→ EXERCISE PROMPT
Once the pictures are removed, restate the listing word for word.

→ COLLECTED MATERIAL
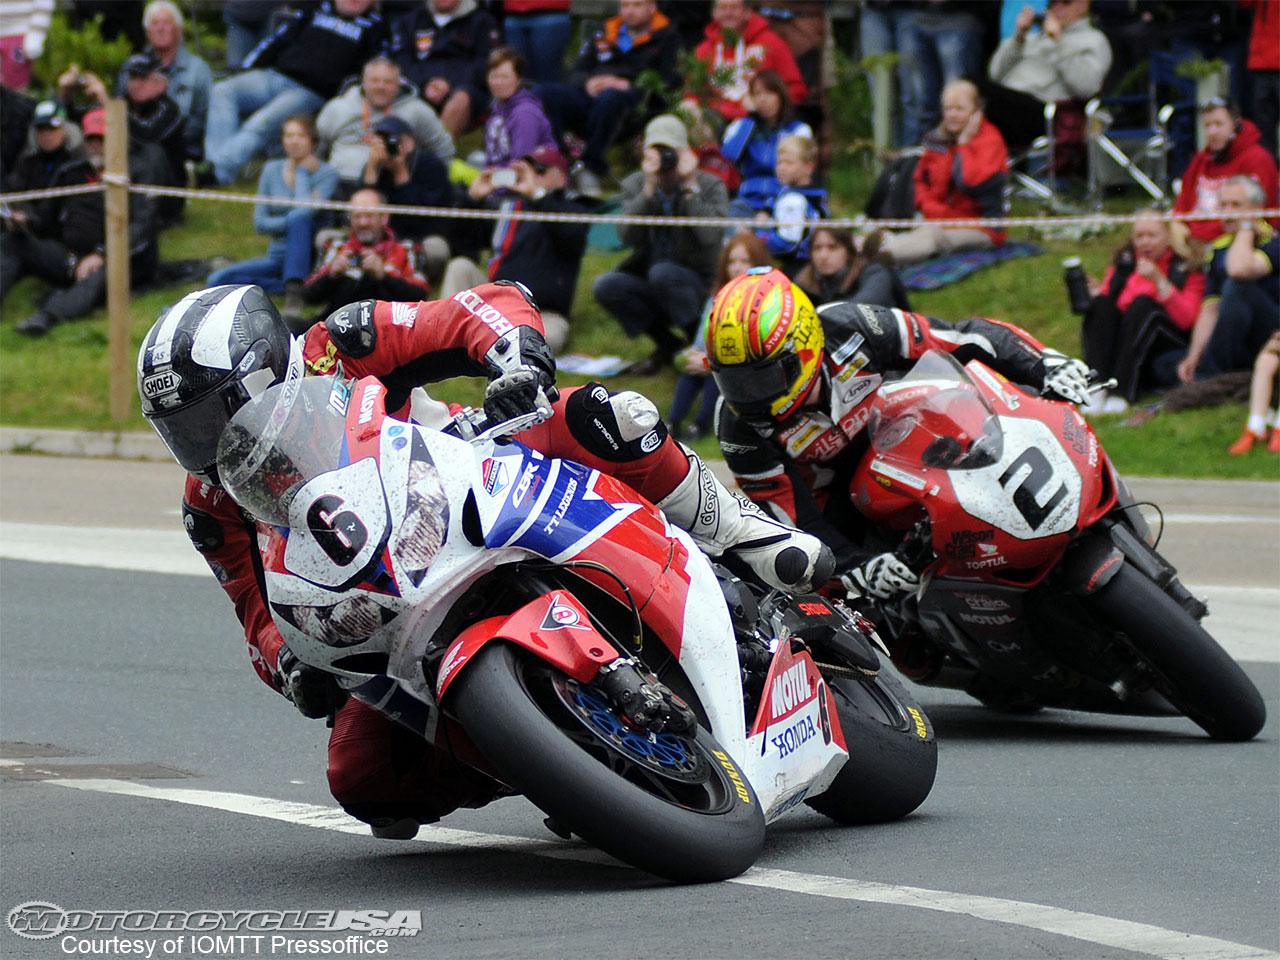 Road Races, TT et courses sur route  - Page 2 Dunlop-Donald-SBK-TT
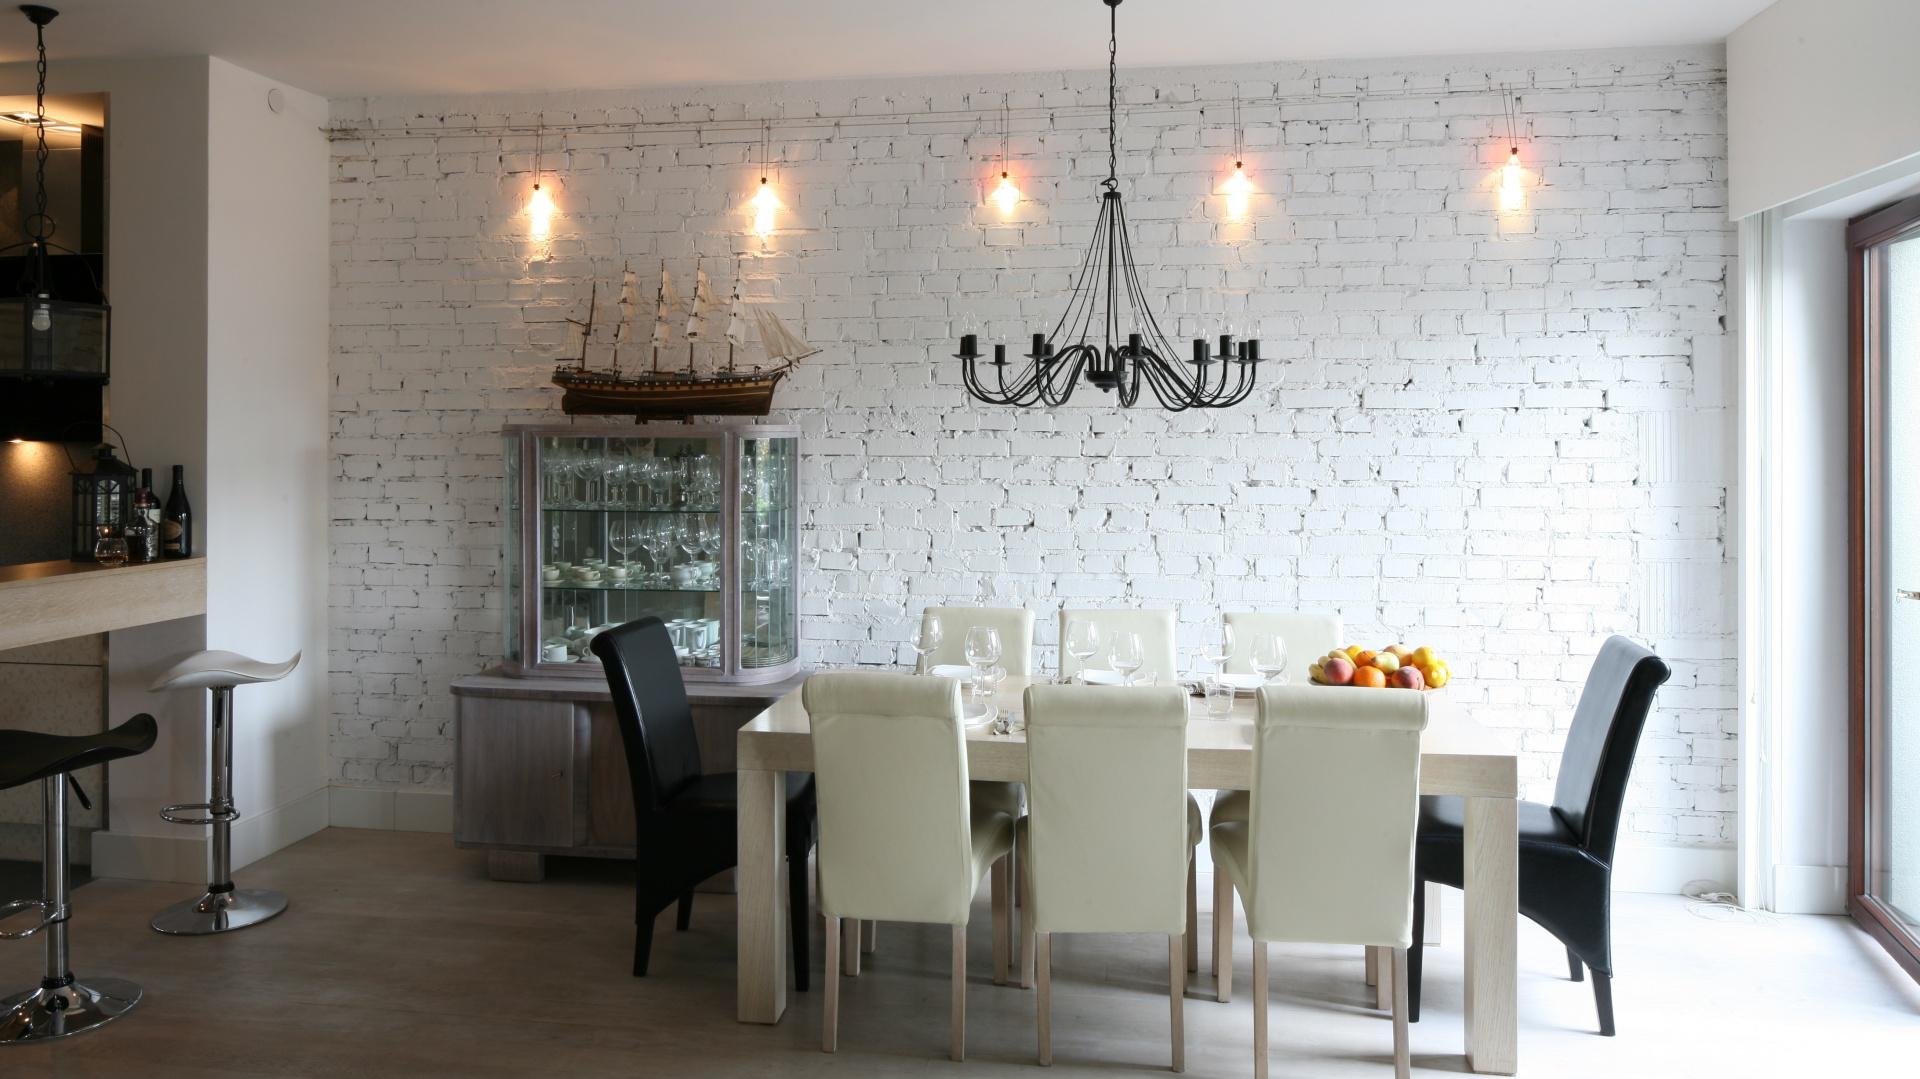 Ściana w jadalnie nie została otynkowana, a jedyne pomalowana na biały kolor, co nadało wnętrzu oryginalnego, ciekawego charakteru. Projekt: Monika Włodarczyk, Jarosław Jończyk. Fot. Bartosz Jarosz.
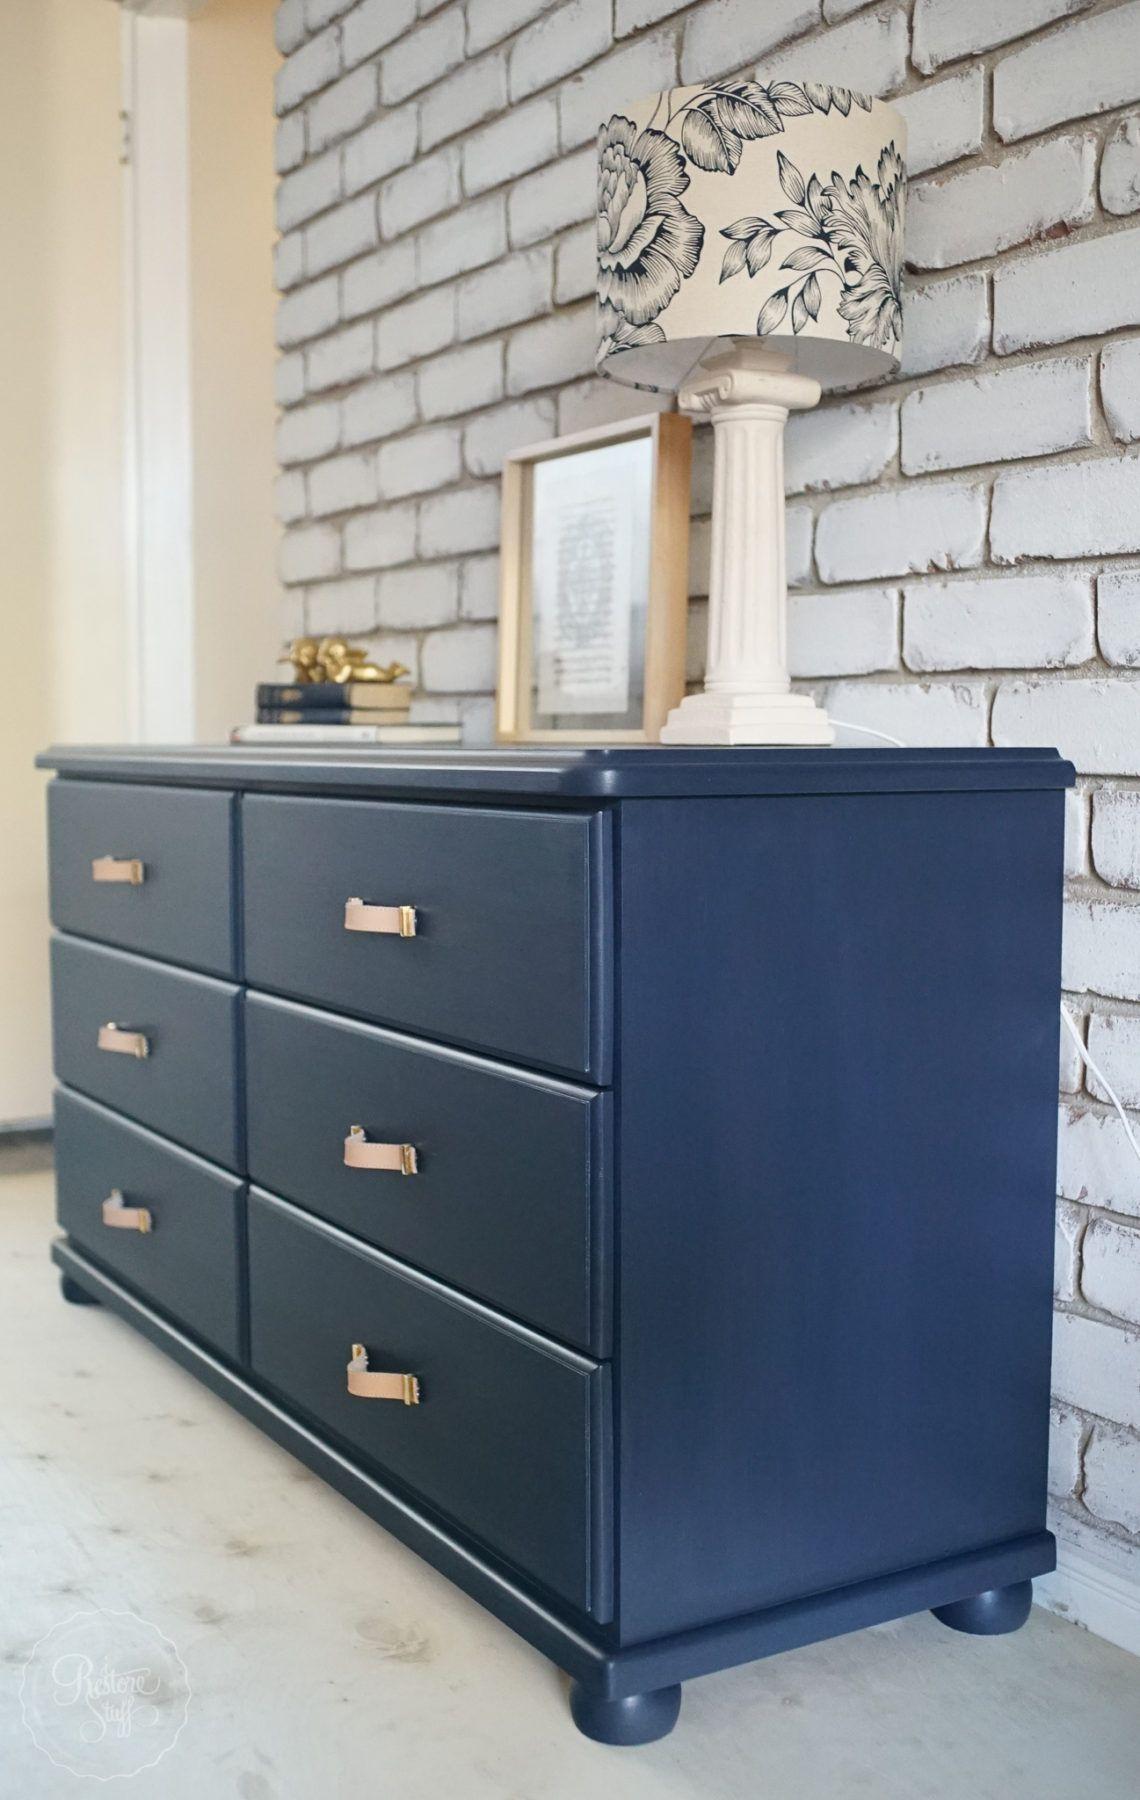 Midnight Blue Dresser Drawer Set Faux Leather Handles Blue Dresser Vintage Bedroom Furniture Dresser Drawers [ 1800 x 1140 Pixel ]

→ PROBLEM SOLUTION
 Road Races, TT et courses sur route  - Page 2 Dunlop-Donald-SBK-TT
 Ściana w jadalnie nie została otynkowana, a jedyne pomalowana na biały kolor, co nadało wnętrzu oryginalnego, ciekawego charakteru. Projekt: Monika Włodarczyk, Jarosław Jończyk. Fot. Bartosz Jarosz.
 Midnight Blue Dresser Drawer Set Faux Leather Handles Blue Dresser Vintage Bedroom Furniture Dresser Drawers [ 1800 x 1140 Pixel ]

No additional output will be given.